- [DATA EXTRACT]
——

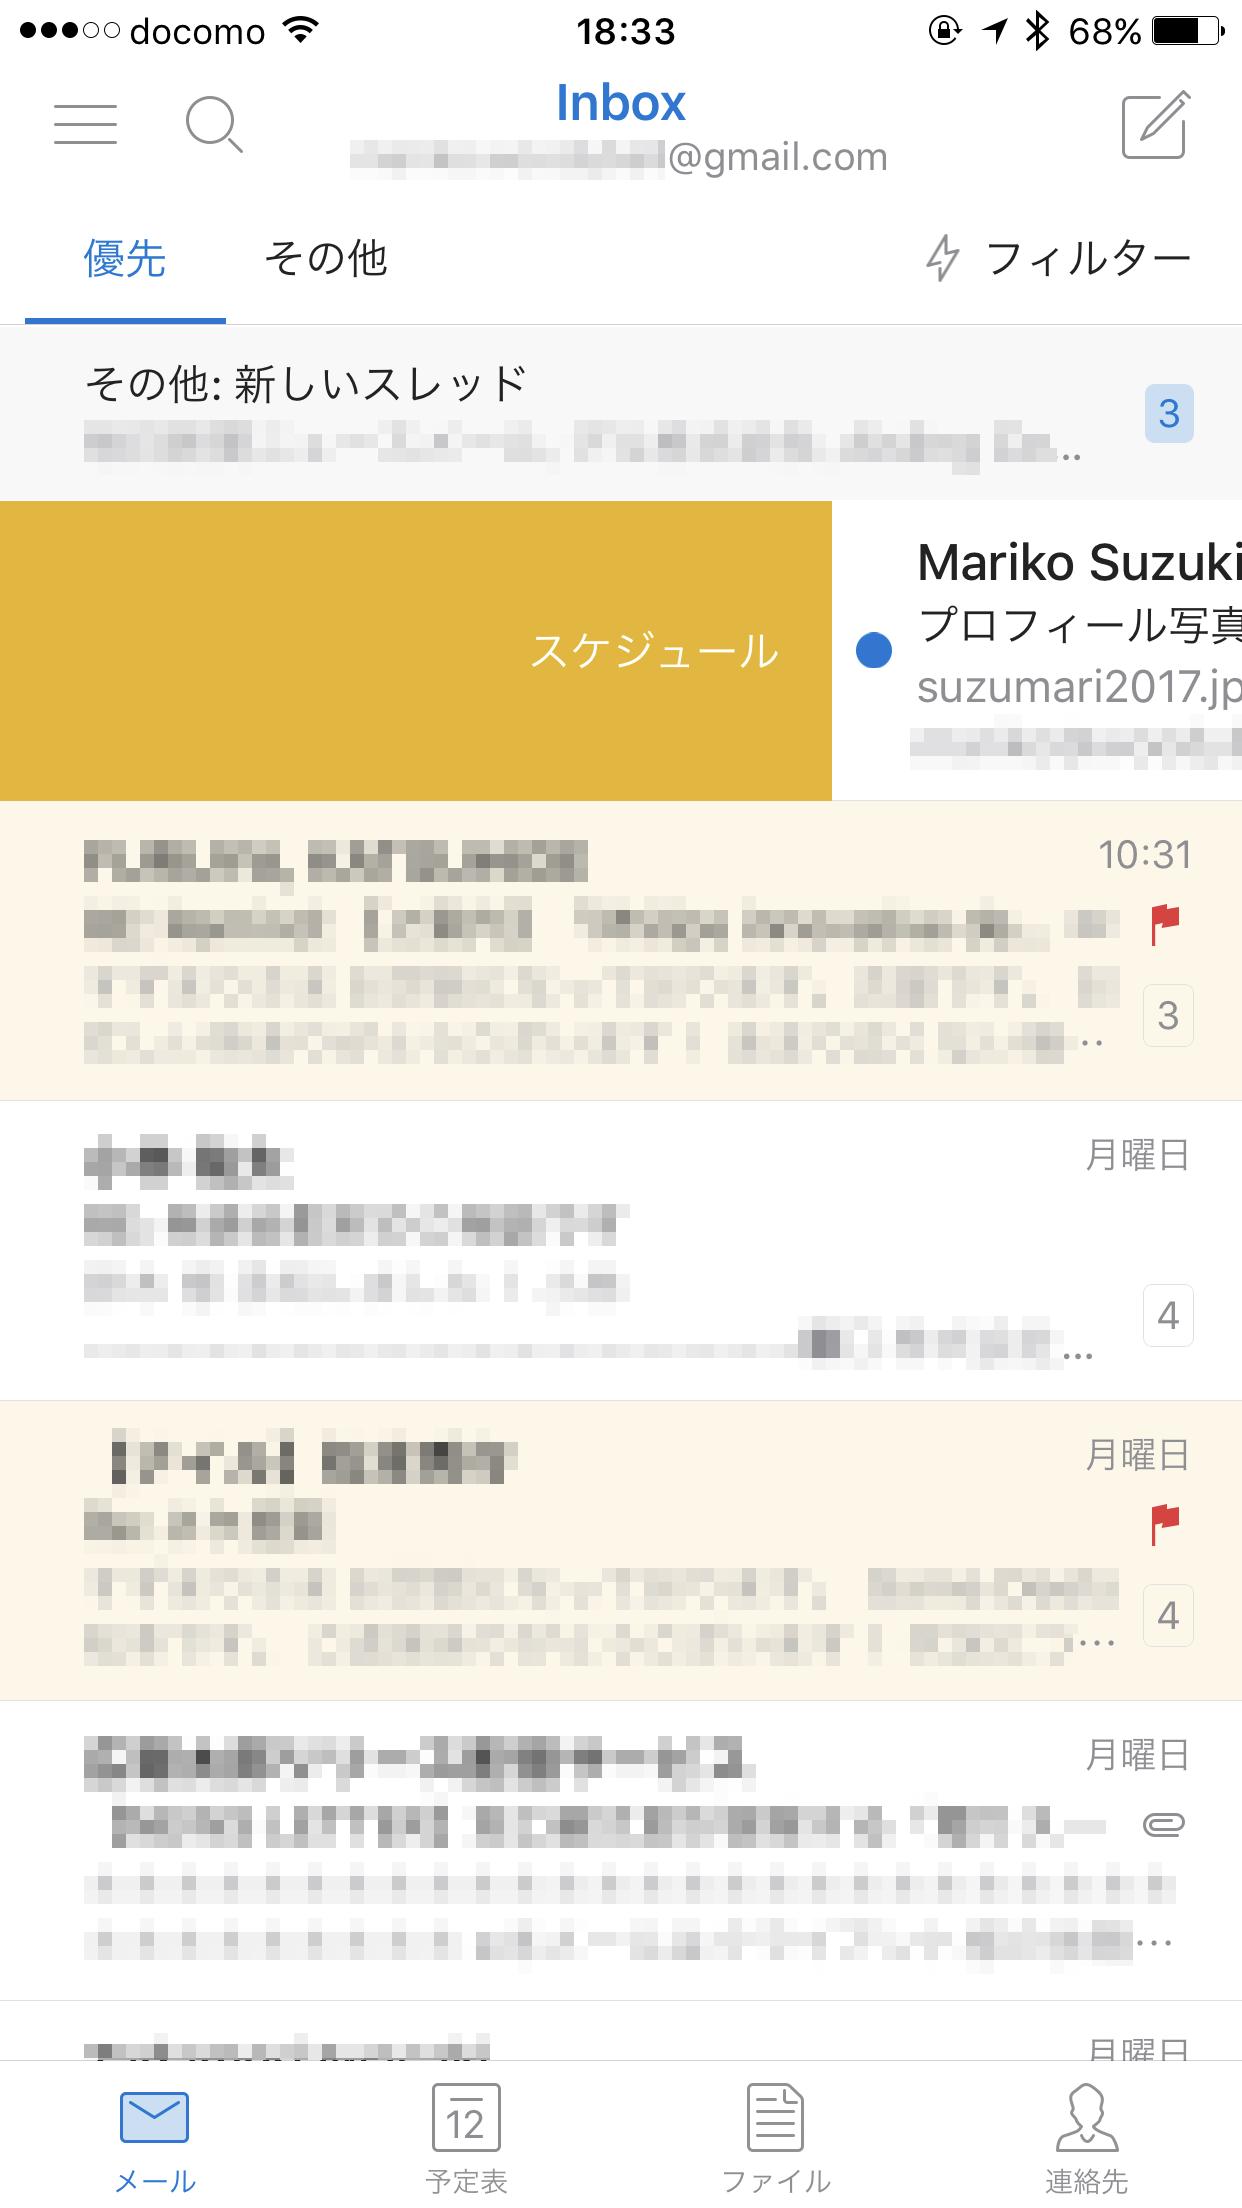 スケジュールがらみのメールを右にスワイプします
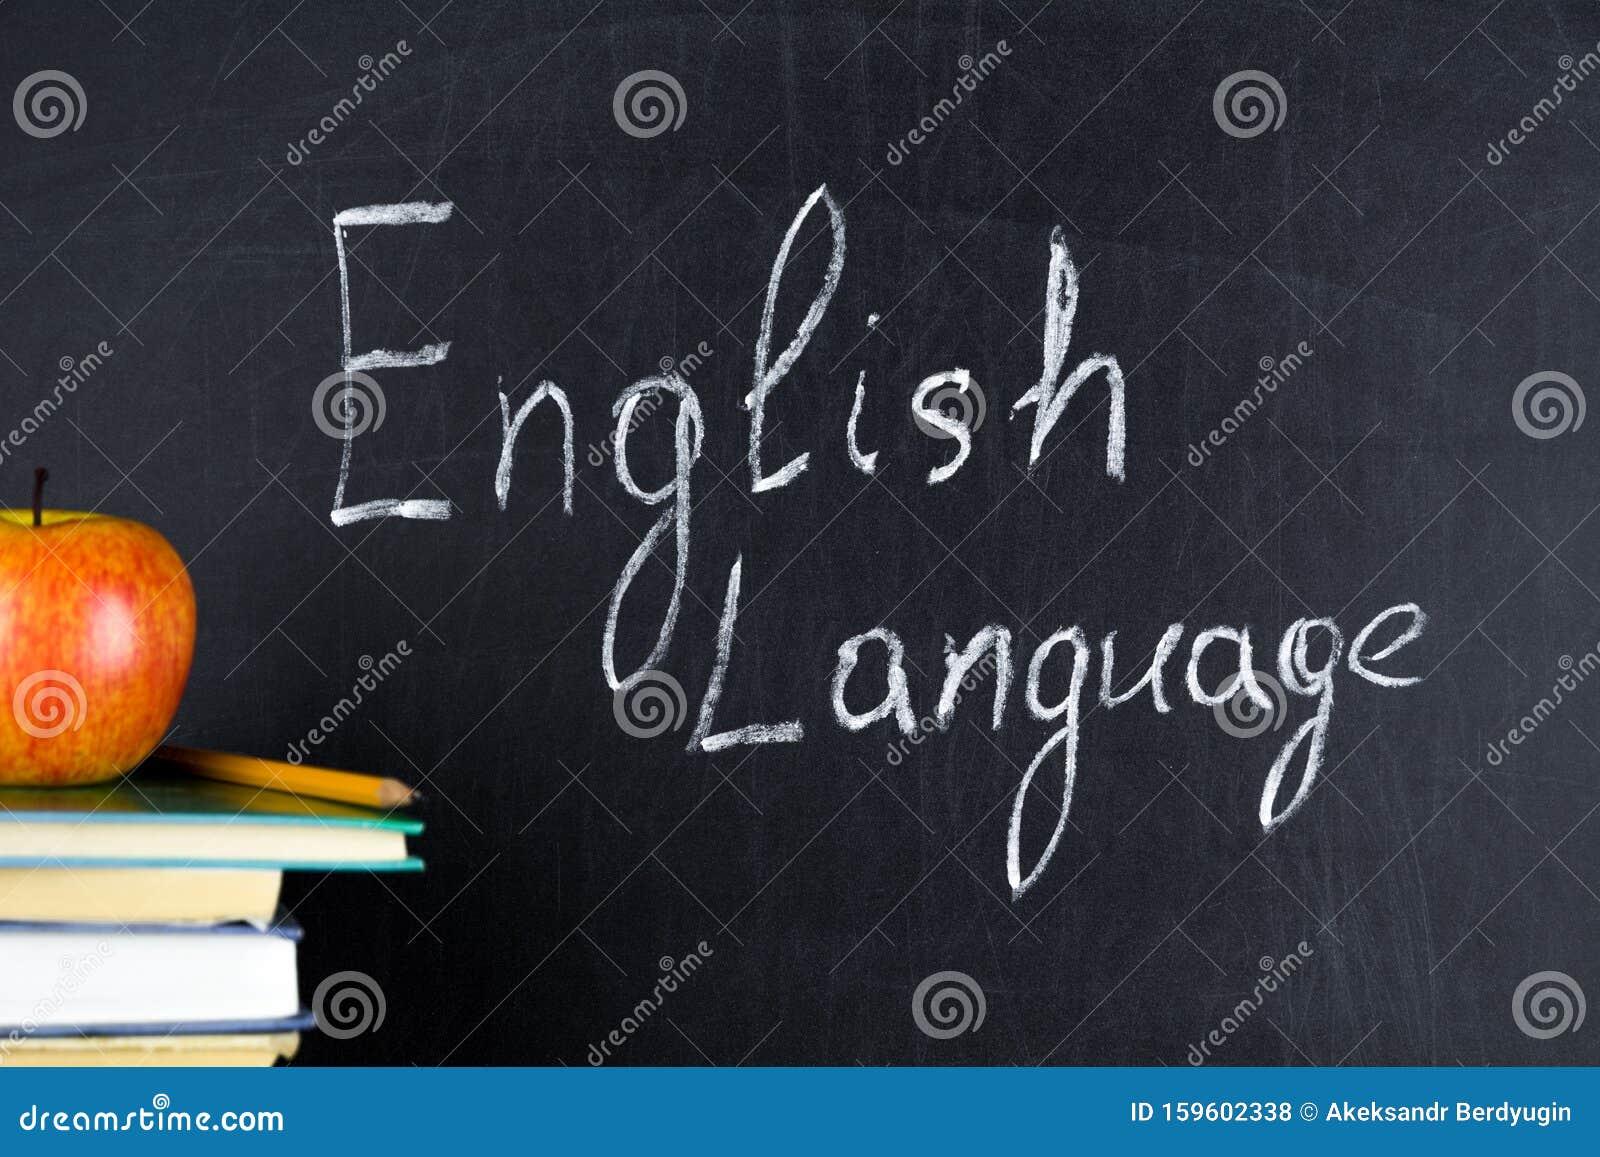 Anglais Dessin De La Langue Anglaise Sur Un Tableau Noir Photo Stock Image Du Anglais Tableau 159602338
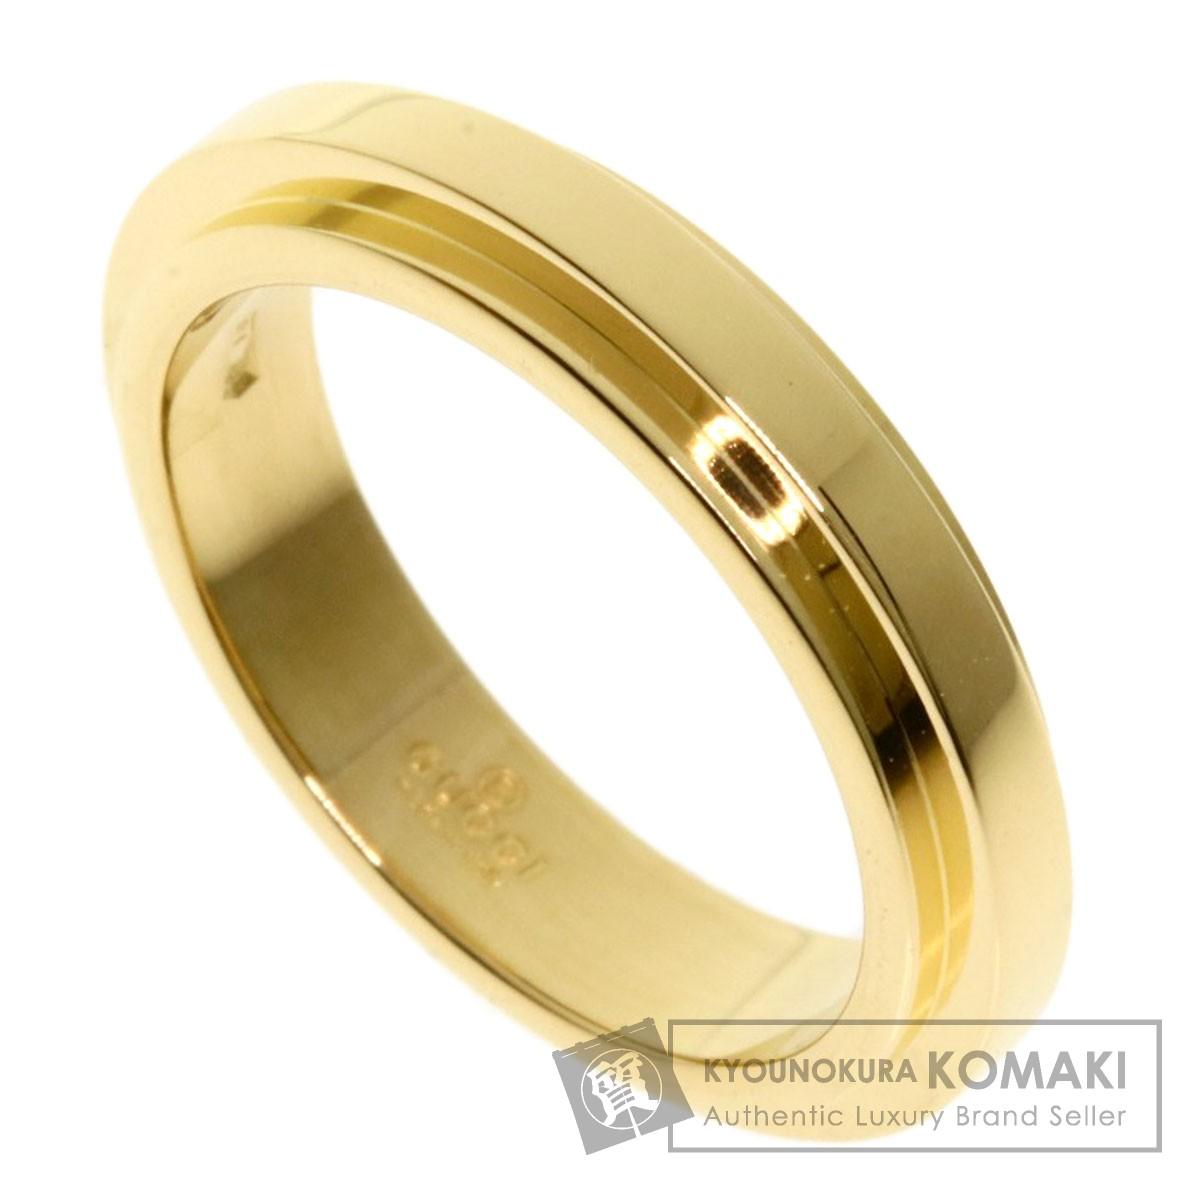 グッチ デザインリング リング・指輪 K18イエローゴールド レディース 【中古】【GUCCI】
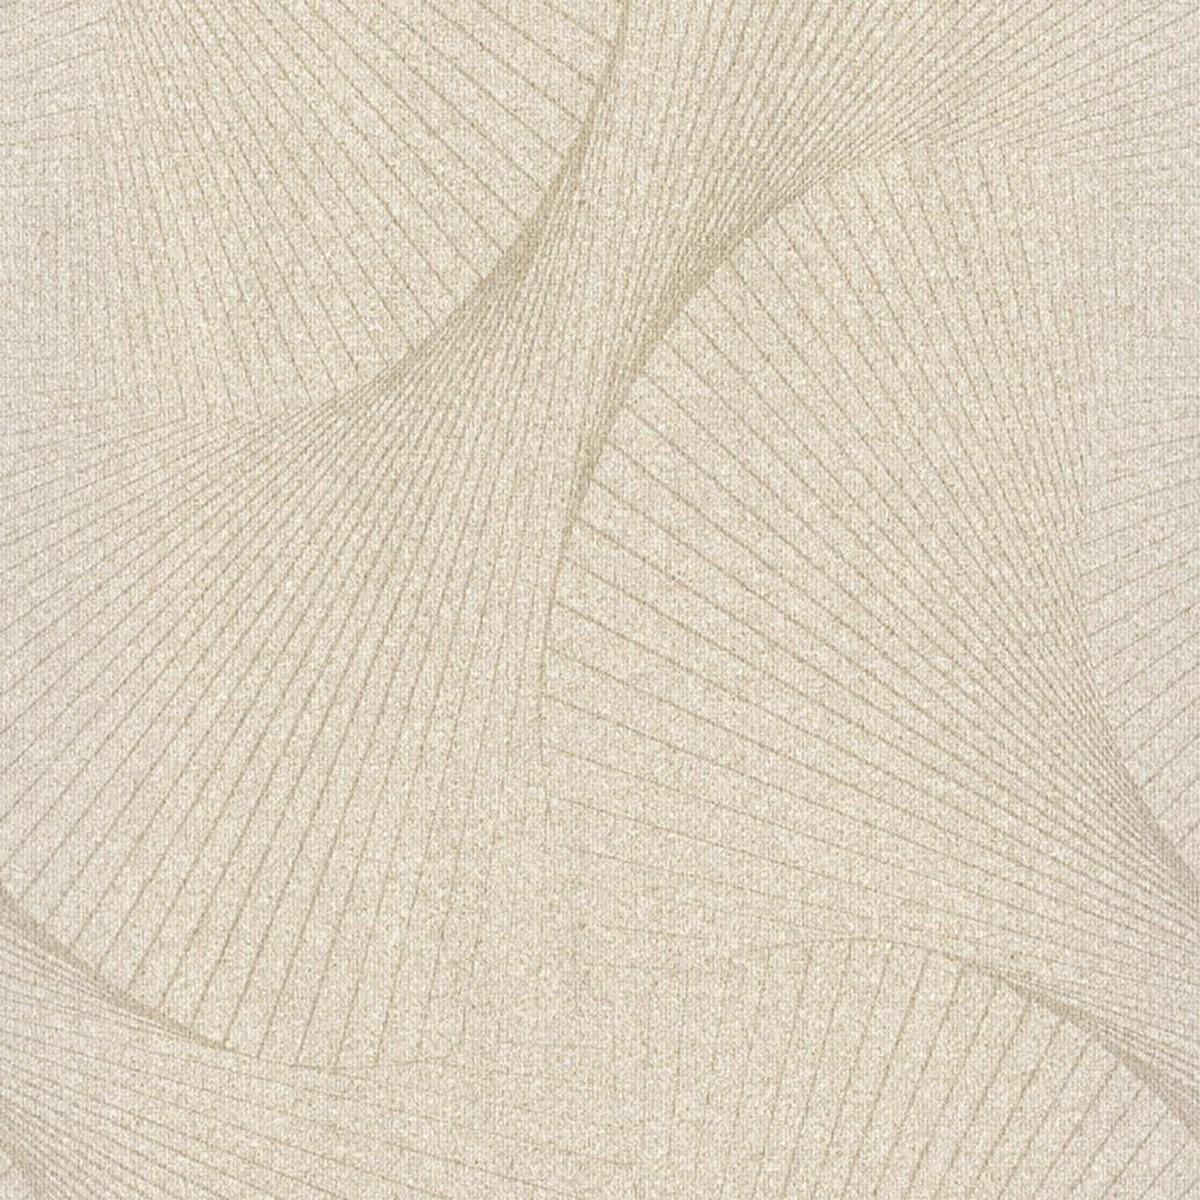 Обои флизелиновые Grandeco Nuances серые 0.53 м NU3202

——

- [WHAT THIS TASK INVOLVES] No pictures belong in the copy. Return exactly the lines from the line containing "Anglais Dessin De" through the last line of the listing.

- [SOLUTION TO THE PROBLEM]
 Anglais Dessin De La Langue Anglaise Sur Un Tableau Noir Photo Stock Image Du Anglais Tableau 159602338
 グッチ デザインリング リング・指輪 K18イエローゴールド レディース 【中古】【GUCCI】
 Обои флизелиновые Grandeco Nuances серые 0.53 м NU3202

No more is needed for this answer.